> _INSTRUCTIONS FOR THE TASK_
Each entry below is to be given again word for word, with no pictures.

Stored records
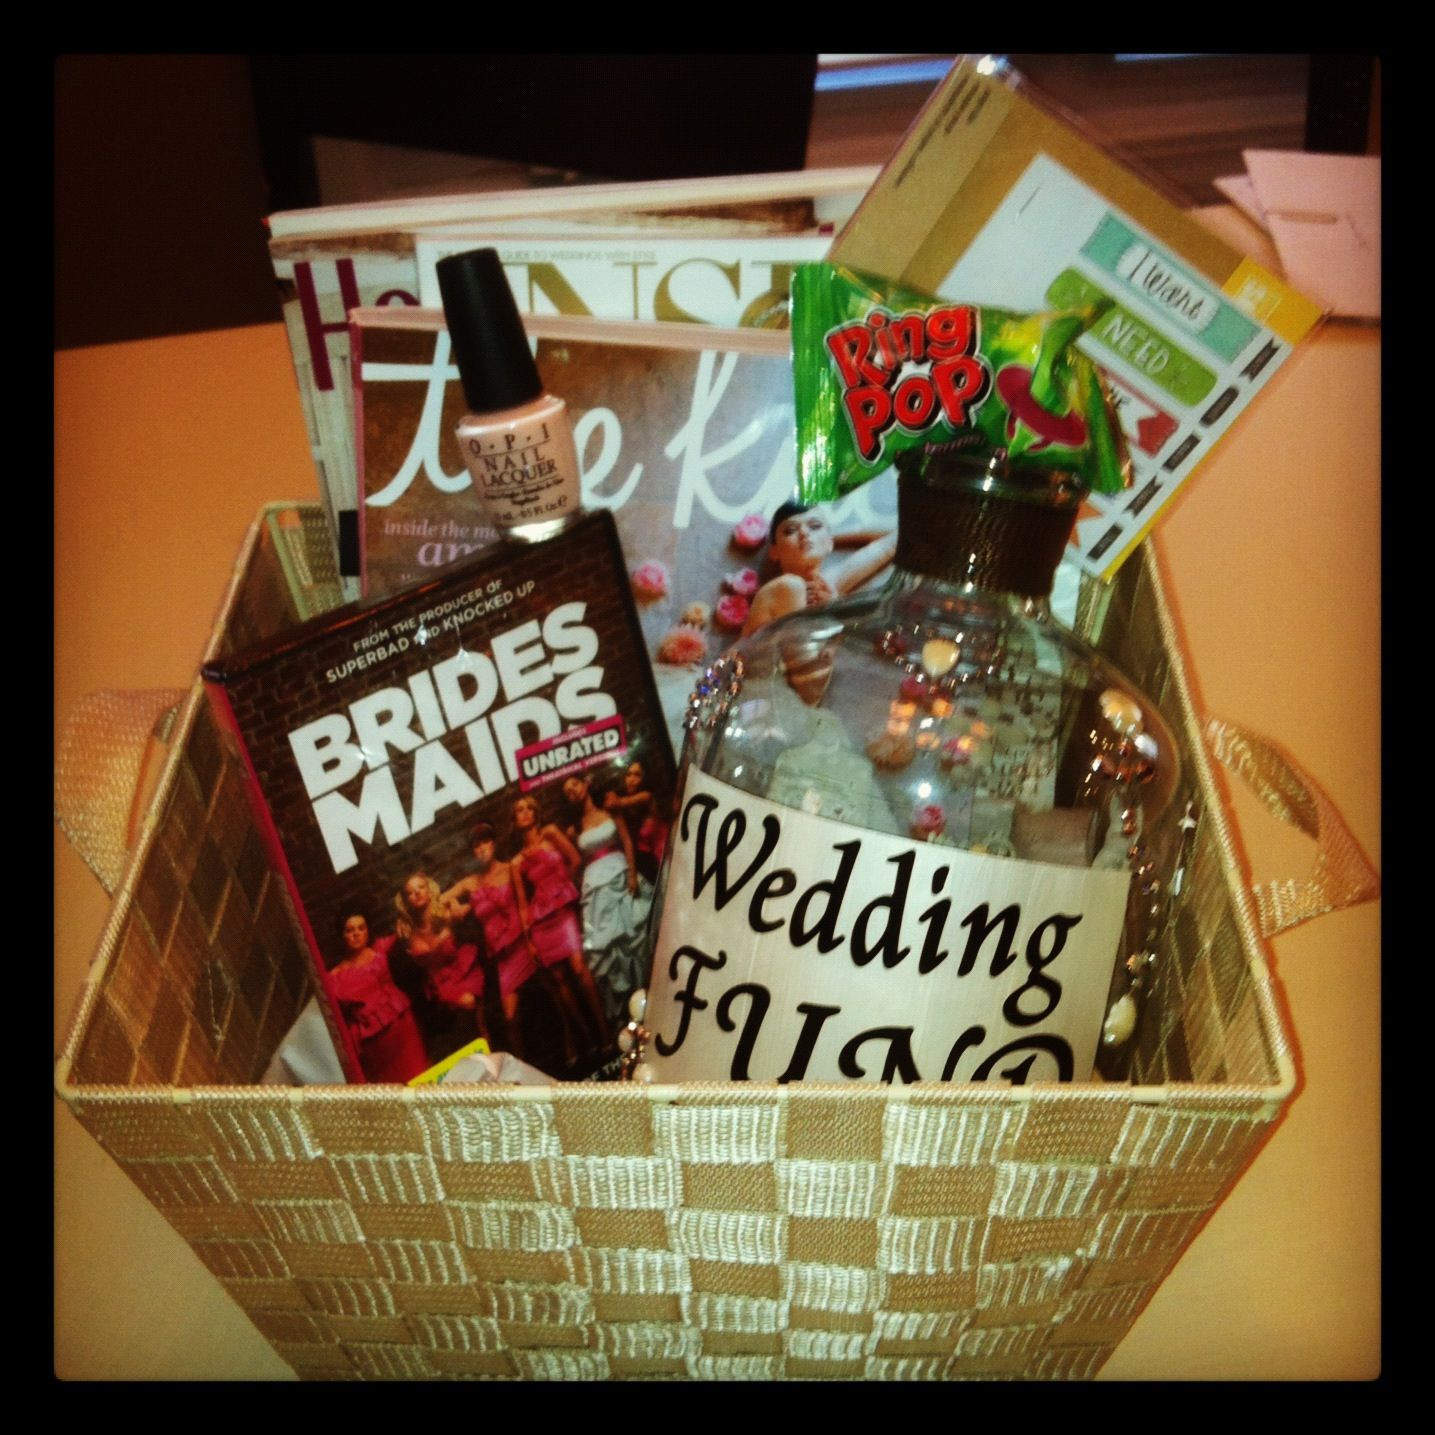 Engagement Party Gift Ideas Pinterest
 The 25 best Engagement t baskets ideas on Pinterest
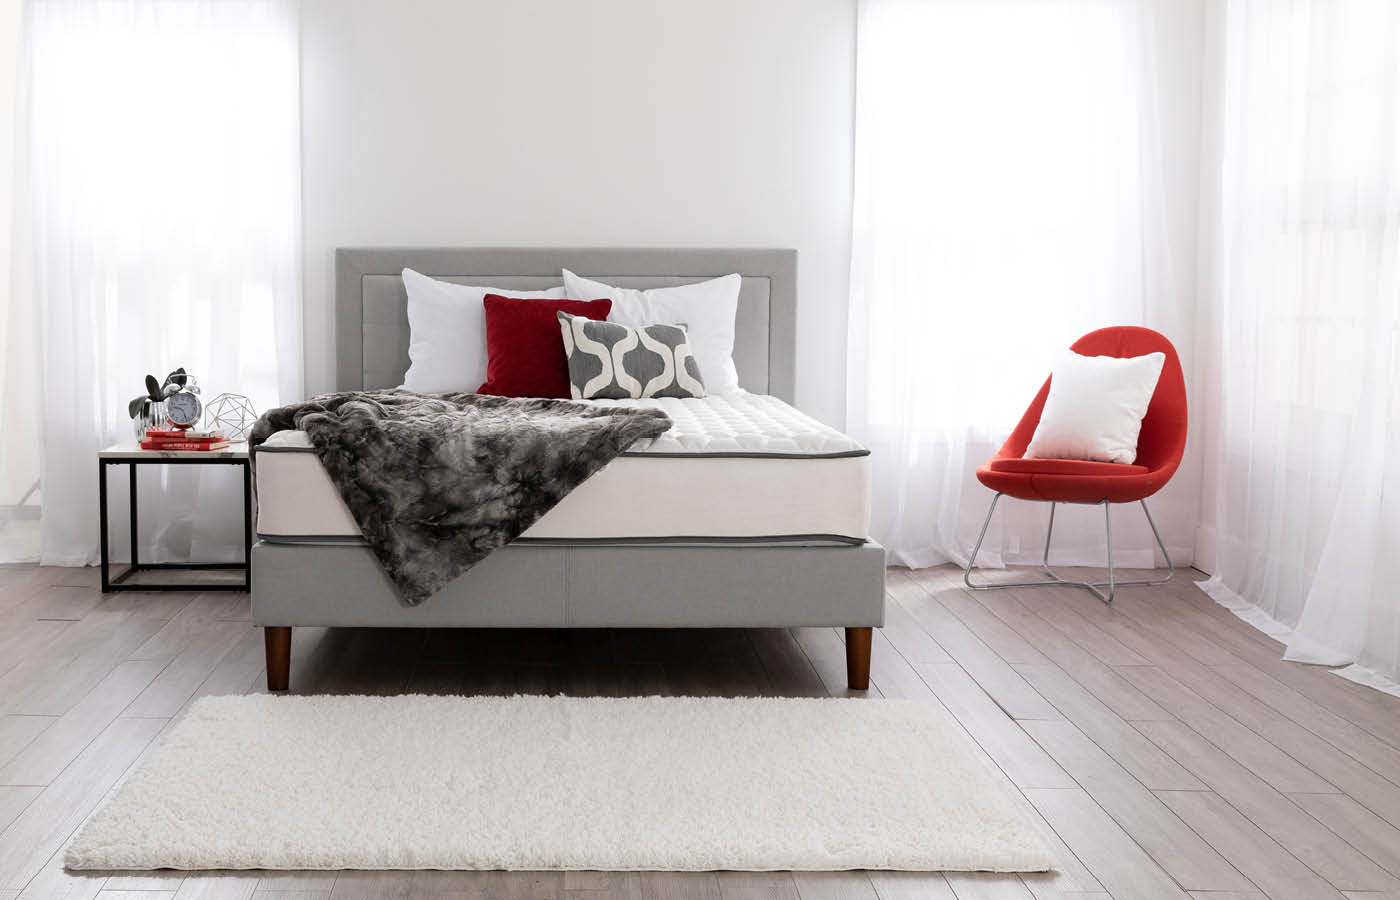 6 Tips in Selecting a Mattress That's Right For You
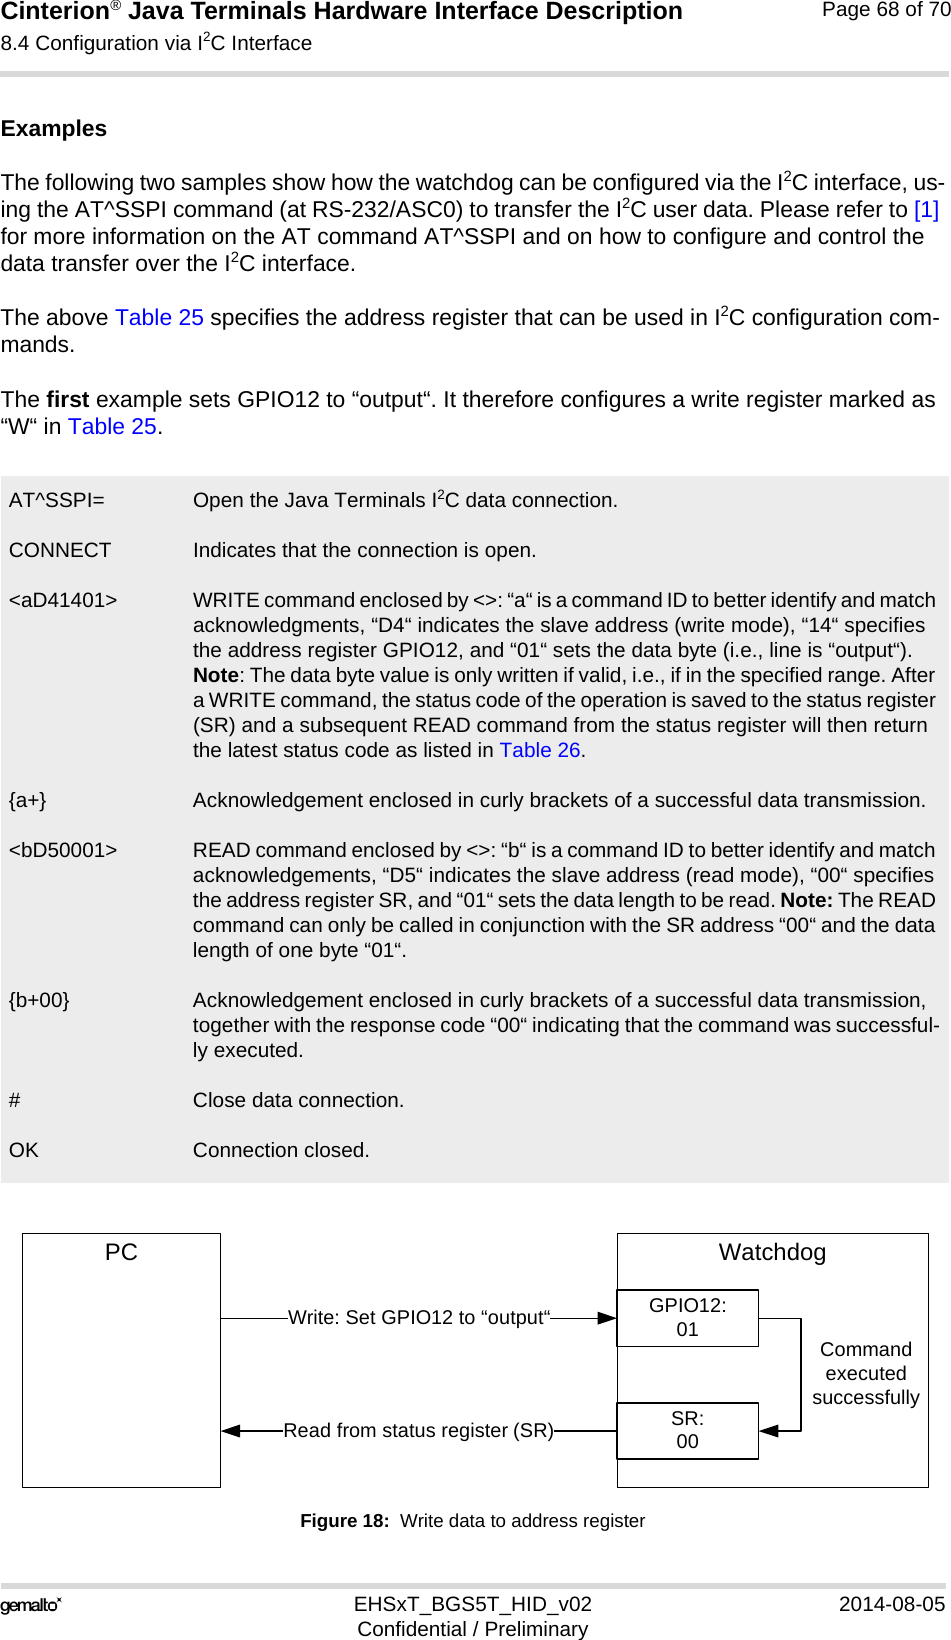 Cinterion® Java Terminals Hardware Interface Description8.4 Configuration via I2C Interface69EHSxT_BGS5T_HID_v02 2014-08-05Confidential / PreliminaryPage 68 of 70ExamplesThe following two samples show how the watchdog can be configured via the I2C interface, us-ing the AT^SSPI command (at RS-232/ASC0) to transfer the I2C user data. Please refer to [1] for more information on the AT command AT^SSPI and on how to configure and control the data transfer over the I2C interface. The above Table 25 specifies the address register that can be used in I2C configuration com-mands.The first example sets GPIO12 to “output“. It therefore configures a write register marked as “W“ in Table 25. Figure 18:  Write data to address registerAT^SSPI=CONNECT&lt;aD41401&gt;{a+}&lt;bD50001&gt;{b+00}#OKOpen the Java Terminals I2C data connection. Indicates that the connection is open.WRITE command enclosed by &lt;&gt;: “a“ is a command ID to better identify and match acknowledgments, “D4“ indicates the slave address (write mode), “14“ specifies the address register GPIO12, and “01“ sets the data byte (i.e., line is “output“). Note: The data byte value is only written if valid, i.e., if in the specified range. After a WRITE command, the status code of the operation is saved to the status register (SR) and a subsequent READ command from the status register will then return the latest status code as listed in Table 26.Acknowledgement enclosed in curly brackets of a successful data transmission.READ command enclosed by &lt;&gt;: “b“ is a command ID to better identify and match acknowledgements, “D5“ indicates the slave address (read mode), “00“ specifies the address register SR, and “01“ sets the data length to be read. Note: The READ command can only be called in conjunction with the SR address “00“ and the data length of one byte “01“.Acknowledgement enclosed in curly brackets of a successful data transmission, together with the response code “00“ indicating that the command was successful-ly executed.Close data connection.Connection closed.PC WatchdogWrite: Set GPIO12 to “output“ GPIO12:01SR:00Read from status register (SR)Command executed successfully
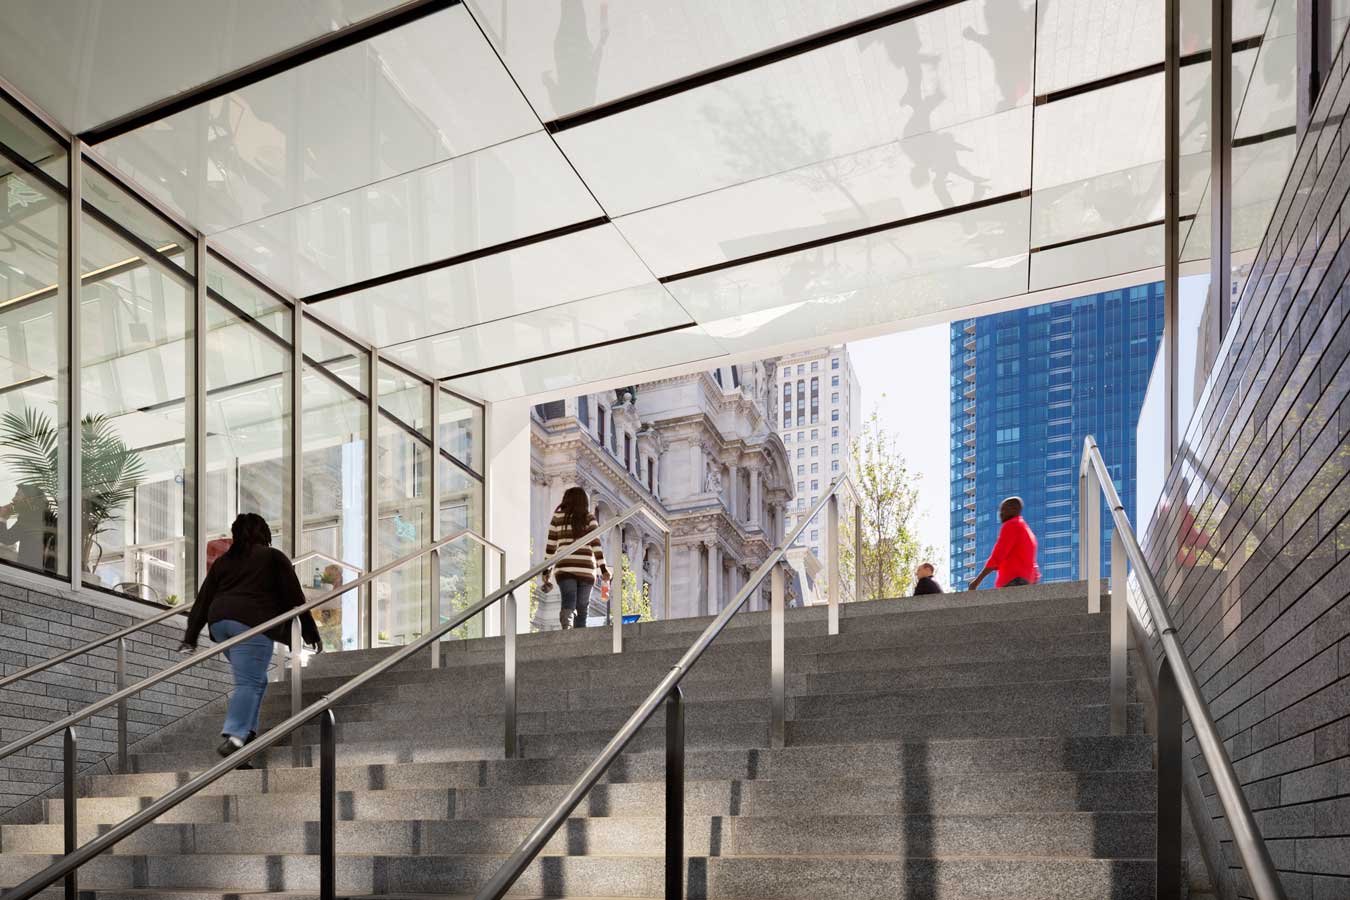 <p>As one emerges from the concourse, the transit entries frame new views of City Hall, stirring renewed appreciation for the grandeur of this part of the city. <br><small>&copy; James Ewing Photography</small></p>

> _TASK OUTPUT_
 Engagement Party Gift Ideas Pinterest
 The 25 best Engagement t baskets ideas on Pinterest
 6 Tips in Selecting a Mattress That's Right For You
 Cinterion® Java Terminals Hardware Interface Description8.4 Configuration via I2C Interface69EHSxT_BGS5T_HID_v02 2014-08-05Confidential / PreliminaryPage 68 of 70ExamplesThe following two samples show how the watchdog can be configured via the I2C interface, us-ing the AT^SSPI command (at RS-232/ASC0) to transfer the I2C user data. Please refer to [1] for more information on the AT command AT^SSPI and on how to configure and control the data transfer over the I2C interface. The above Table 25 specifies the address register that can be used in I2C configuration com-mands.The first example sets GPIO12 to “output“. It therefore configures a write register marked as “W“ in Table 25. Figure 18:  Write data to address registerAT^SSPI=CONNECT&lt;aD41401&gt;{a+}&lt;bD50001&gt;{b+00}#OKOpen the Java Terminals I2C data connection. Indicates that the connection is open.WRITE command enclosed by &lt;&gt;: “a“ is a command ID to better identify and match acknowledgments, “D4“ indicates the slave address (write mode), “14“ specifies the address register GPIO12, and “01“ sets the data byte (i.e., line is “output“). Note: The data byte value is only written if valid, i.e., if in the specified range. After a WRITE command, the status code of the operation is saved to the status register (SR) and a subsequent READ command from the status register will then return the latest status code as listed in Table 26.Acknowledgement enclosed in curly brackets of a successful data transmission.READ command enclosed by &lt;&gt;: “b“ is a command ID to better identify and match acknowledgements, “D5“ indicates the slave address (read mode), “00“ specifies the address register SR, and “01“ sets the data length to be read. Note: The READ command can only be called in conjunction with the SR address “00“ and the data length of one byte “01“.Acknowledgement enclosed in curly brackets of a successful data transmission, together with the response code “00“ indicating that the command was successful-ly executed.Close data connection.Connection closed.PC WatchdogWrite: Set GPIO12 to “output“ GPIO12:01SR:00Read from status register (SR)Command executed successfully
 <p>As one emerges from the concourse, the transit entries frame new views of City Hall, stirring renewed appreciation for the grandeur of this part of the city. <br><small>&copy; James Ewing Photography</small></p>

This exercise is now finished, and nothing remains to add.